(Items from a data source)
▬▬▬▬▬▬
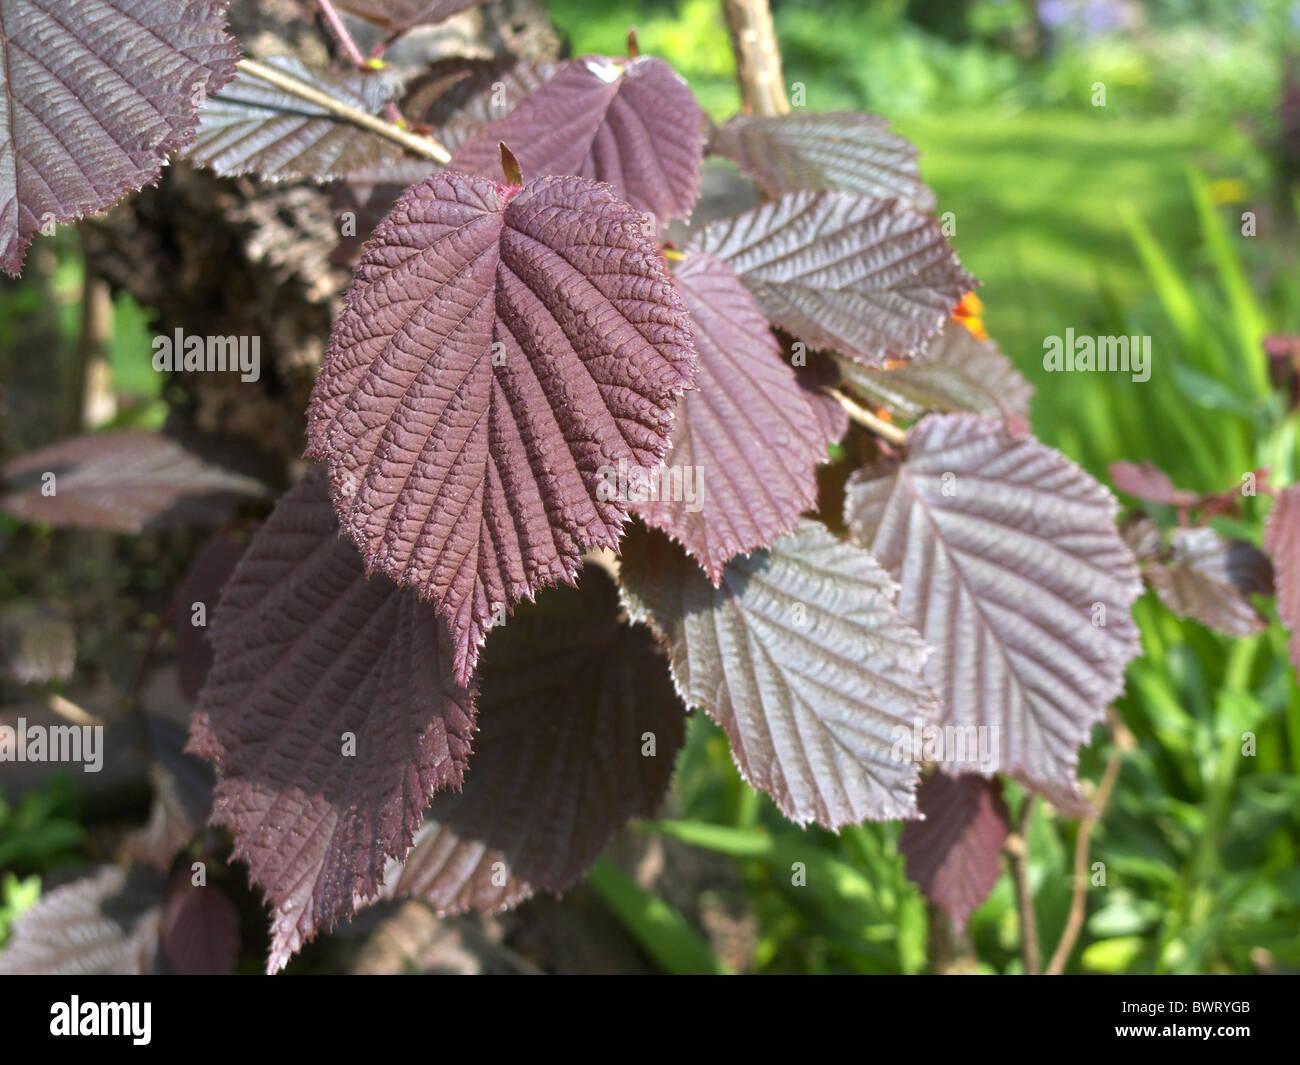 Corylus maxima 'Purpurea' Cultivar. Hazel Tree Family Stock Photo
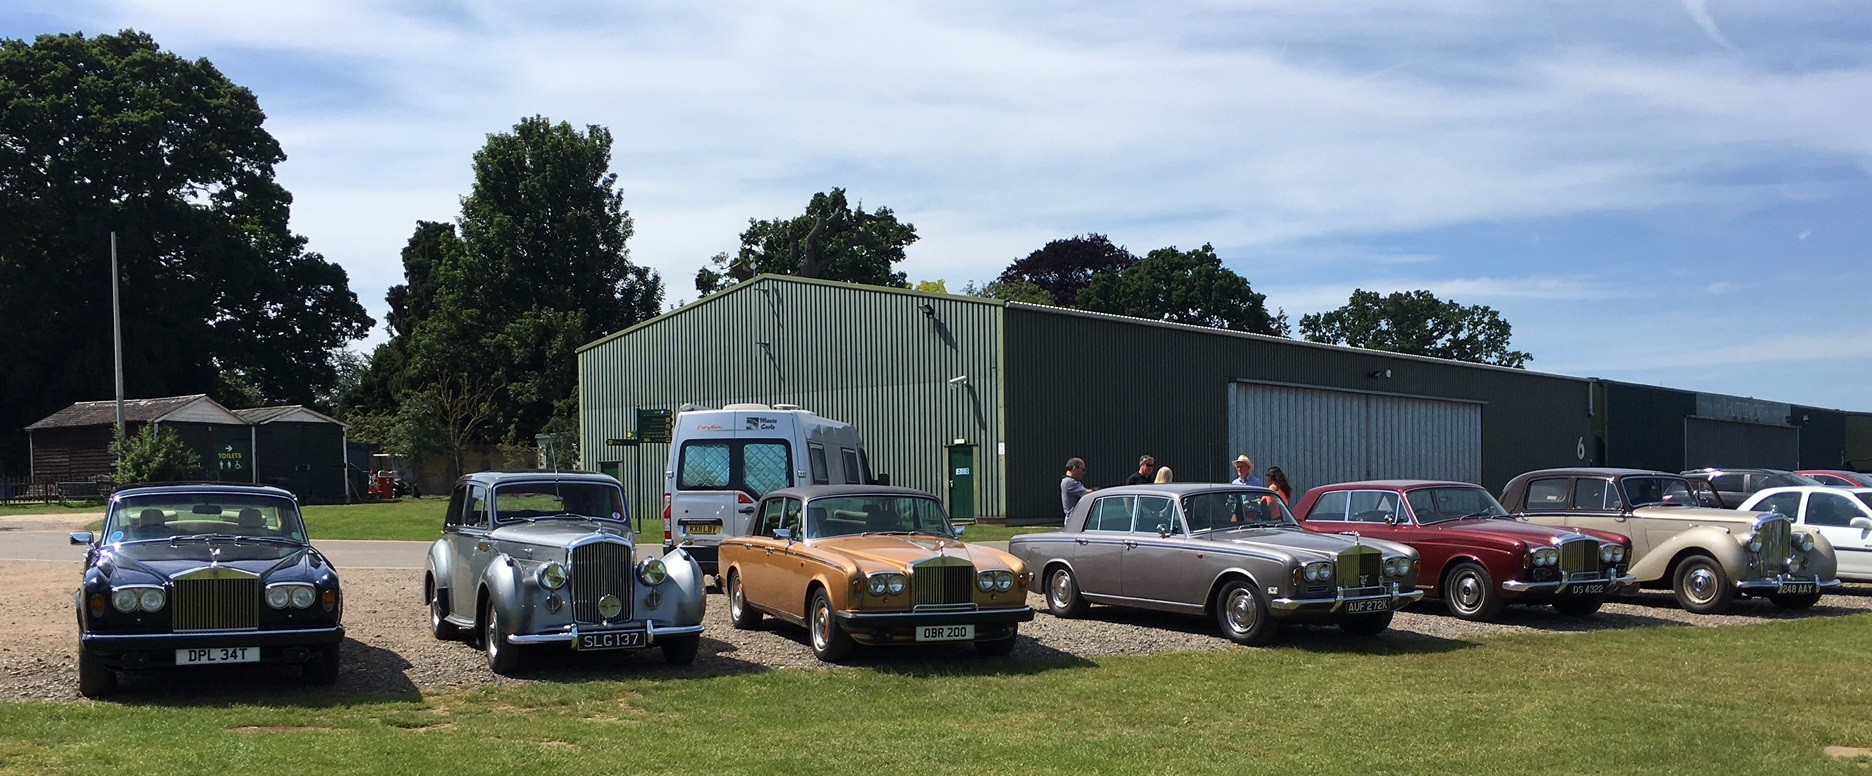 Club cars at Shuttleworth
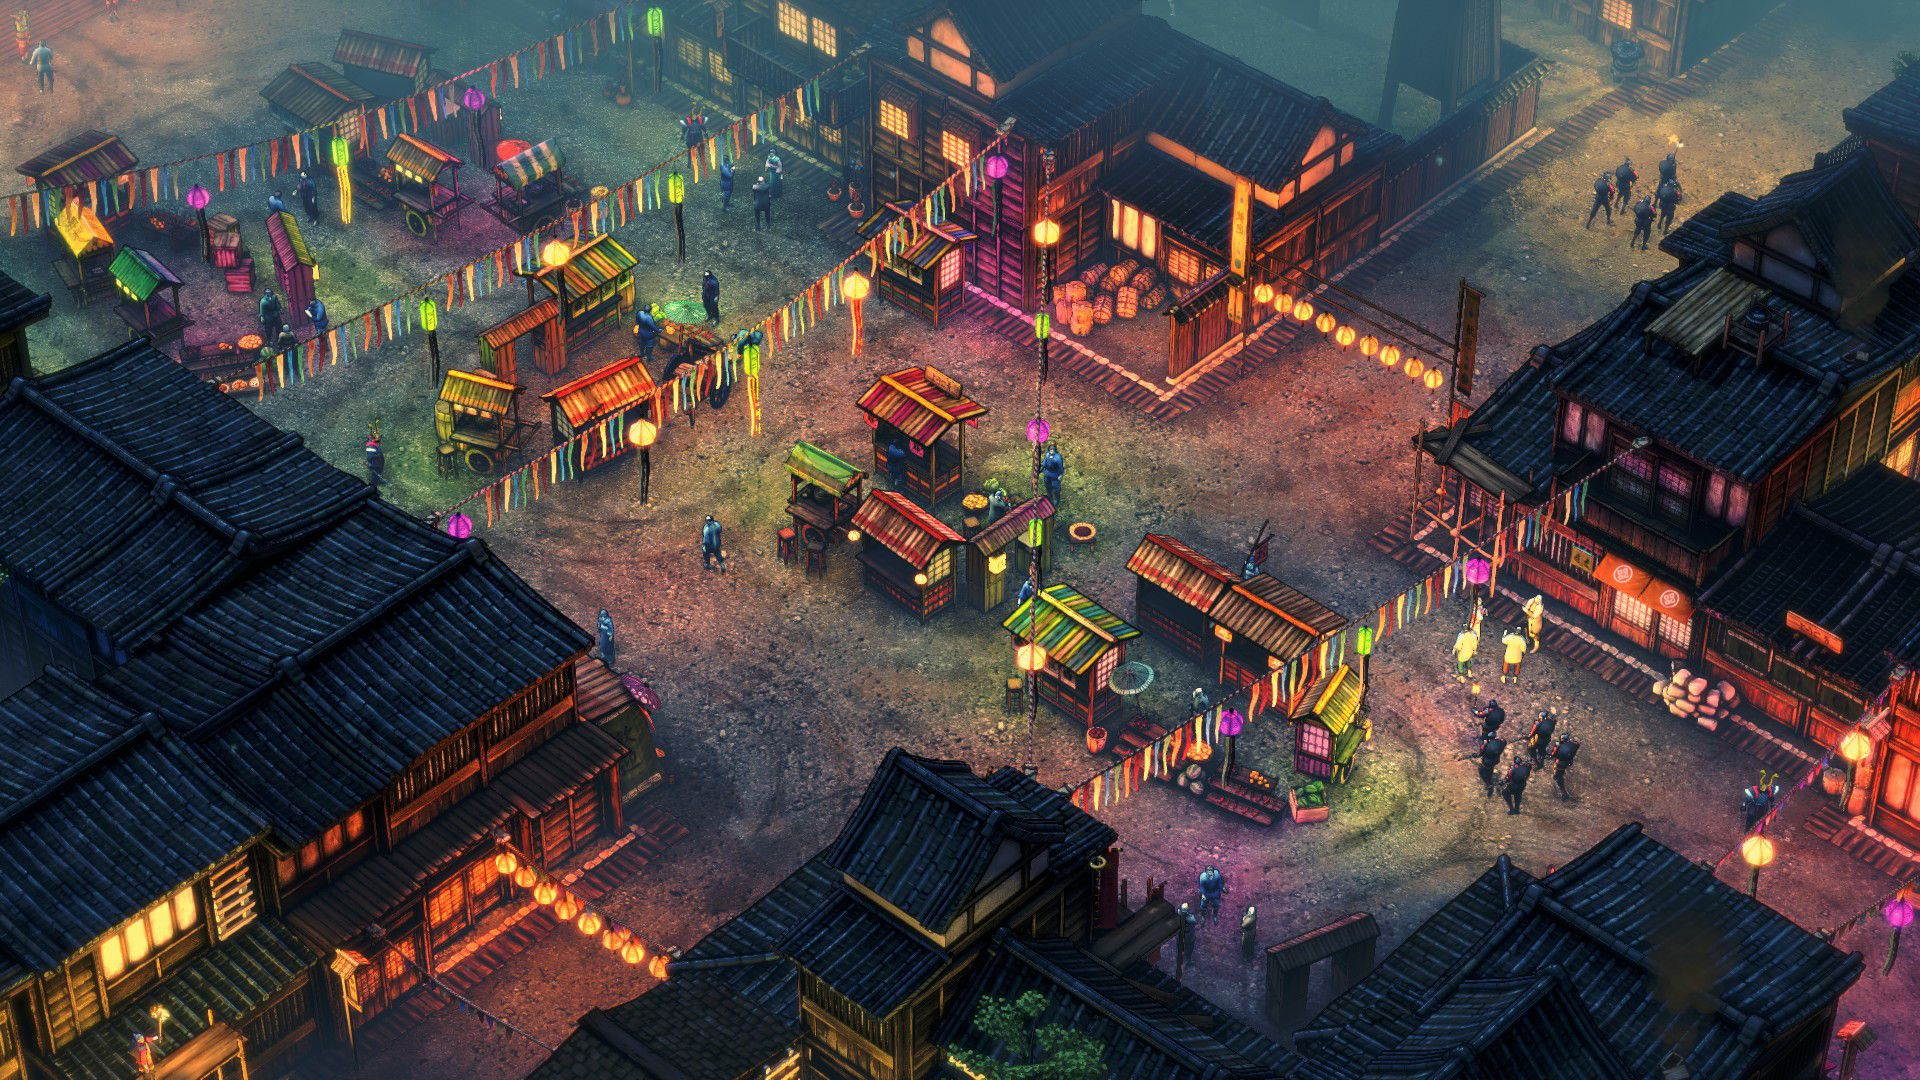 New Games Dead Rising 4 Let It Die The Last Guardian Shadow Nioh Poster Ps4 Region 3 English Tactics Blades Of Shogun Game Screenshot
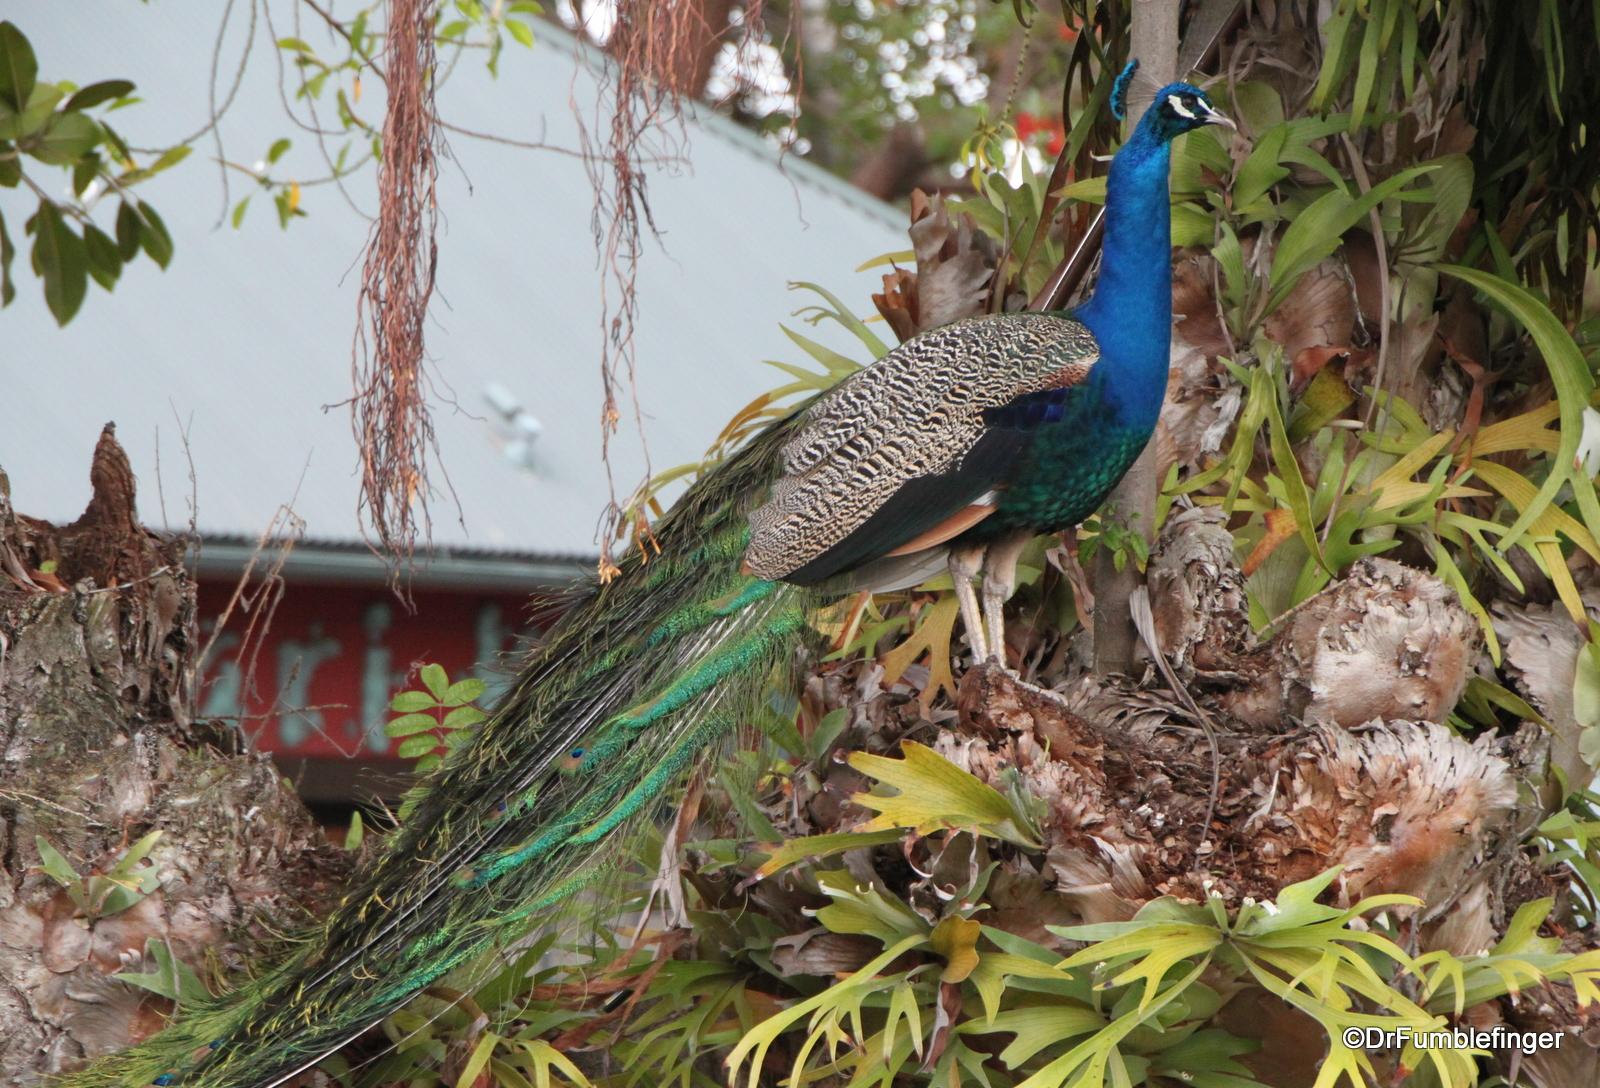 San Diego Zoo, Peacock
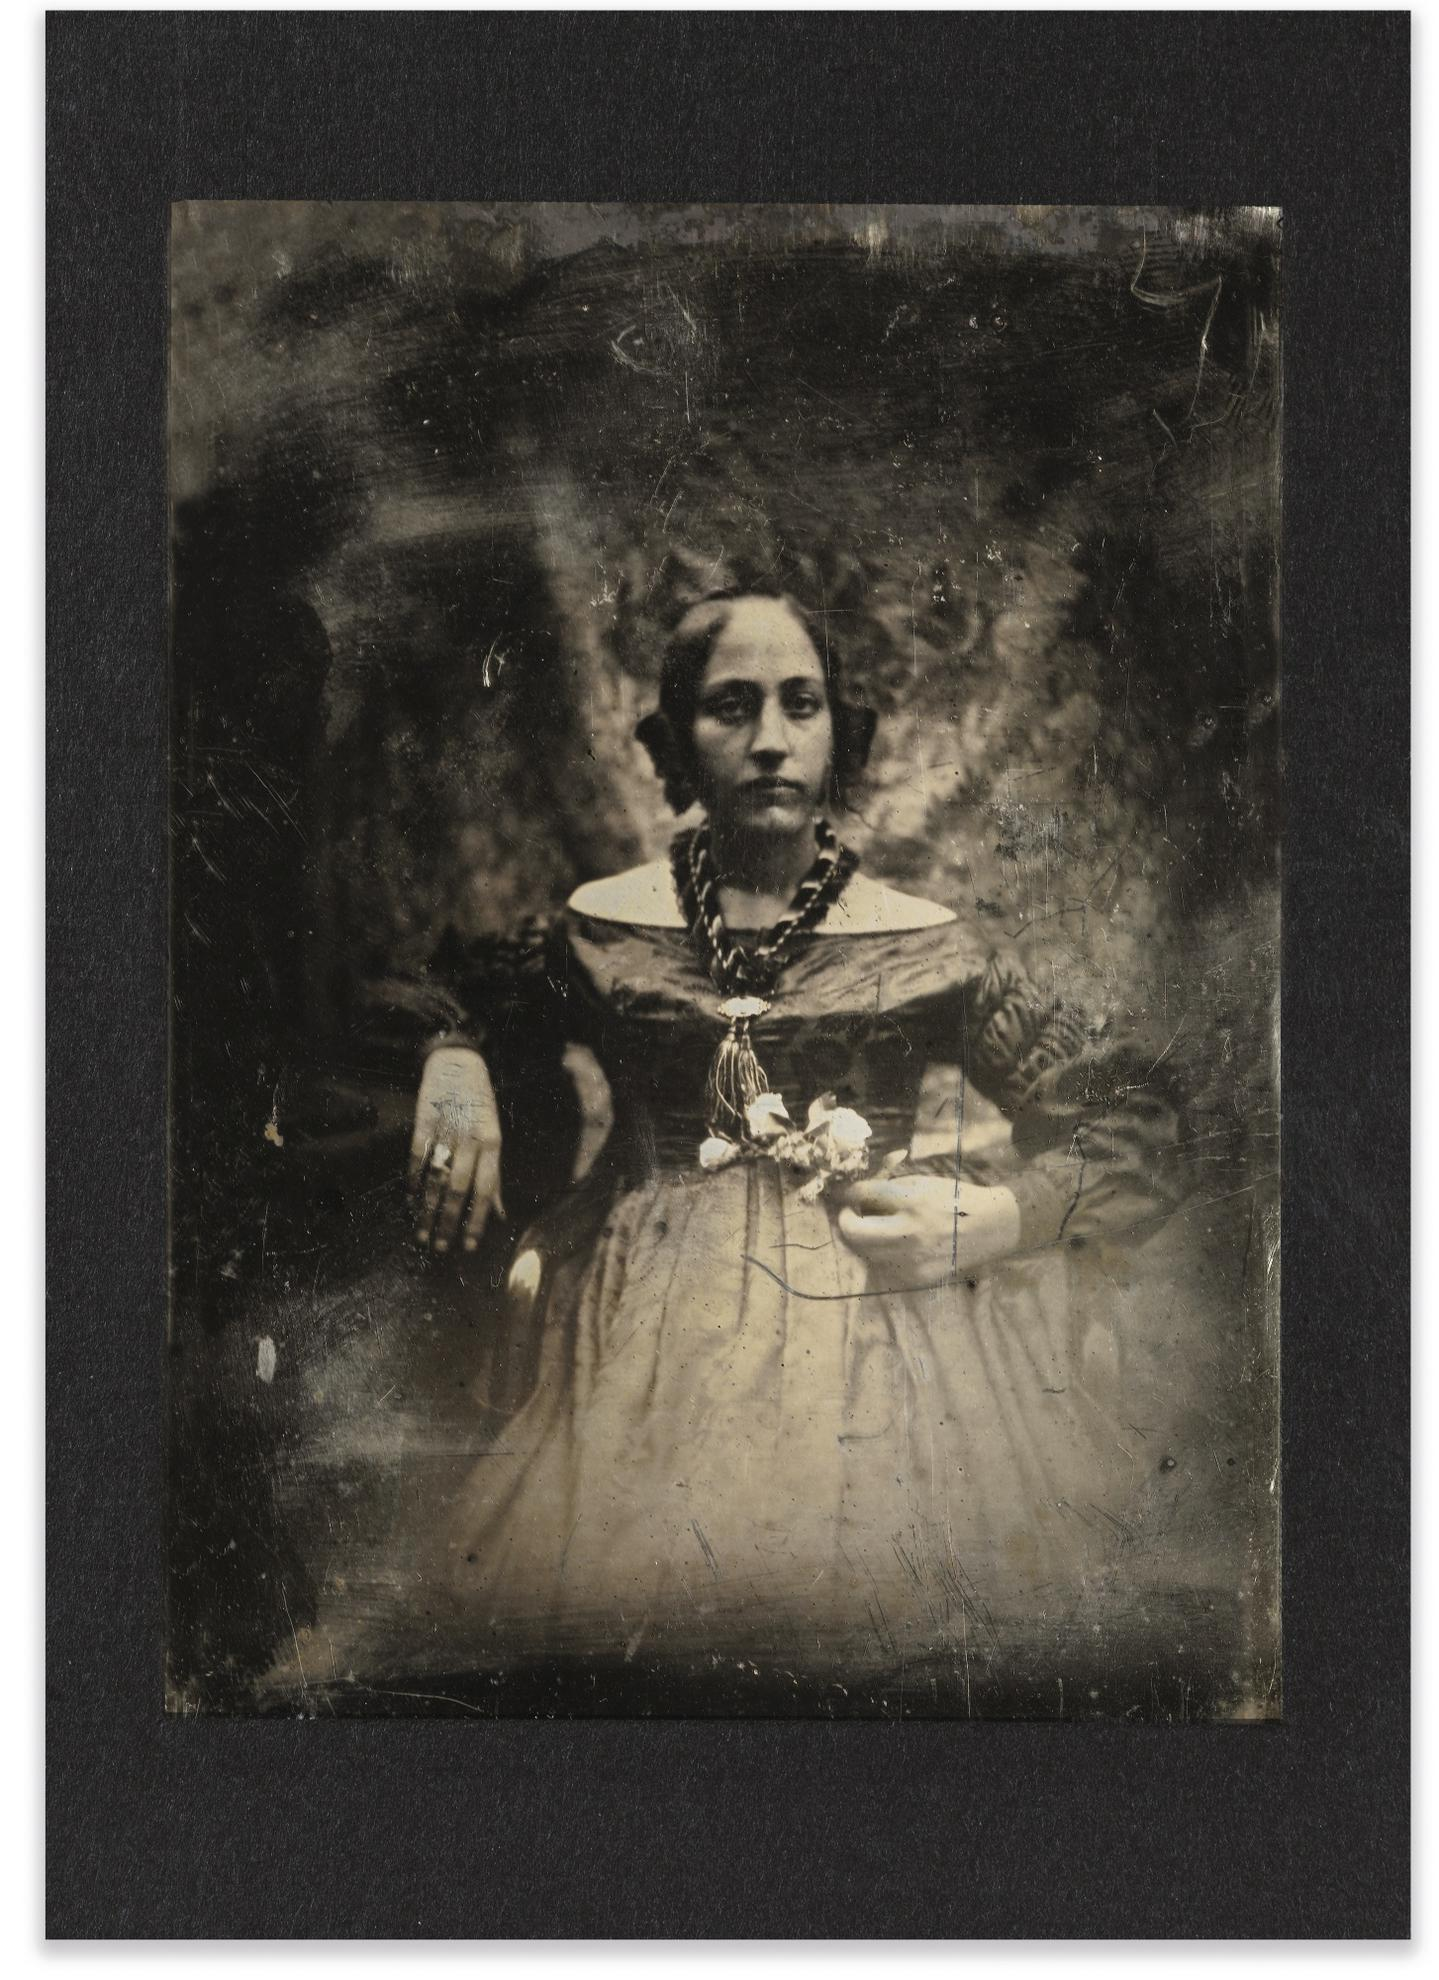 Joseph Philibert Girault De Prangey - Portrait Dune Jeune Femme, Fleur A La Main-1842
▬▬▬▬▬▬
▸ **Task to complete**: Reproduce the data above verbatim, minus any images.

▸ **Answer area**:
 Corylus maxima 'Purpurea' Cultivar. Hazel Tree Family Stock Photo
 Club cars at Shuttleworth
 New Games Dead Rising 4 Let It Die The Last Guardian Shadow Nioh Poster Ps4 Region 3 English Tactics Blades Of Shogun Game Screenshot
 San Diego Zoo, Peacock
 Joseph Philibert Girault De Prangey - Portrait Dune Jeune Femme, Fleur A La Main-1842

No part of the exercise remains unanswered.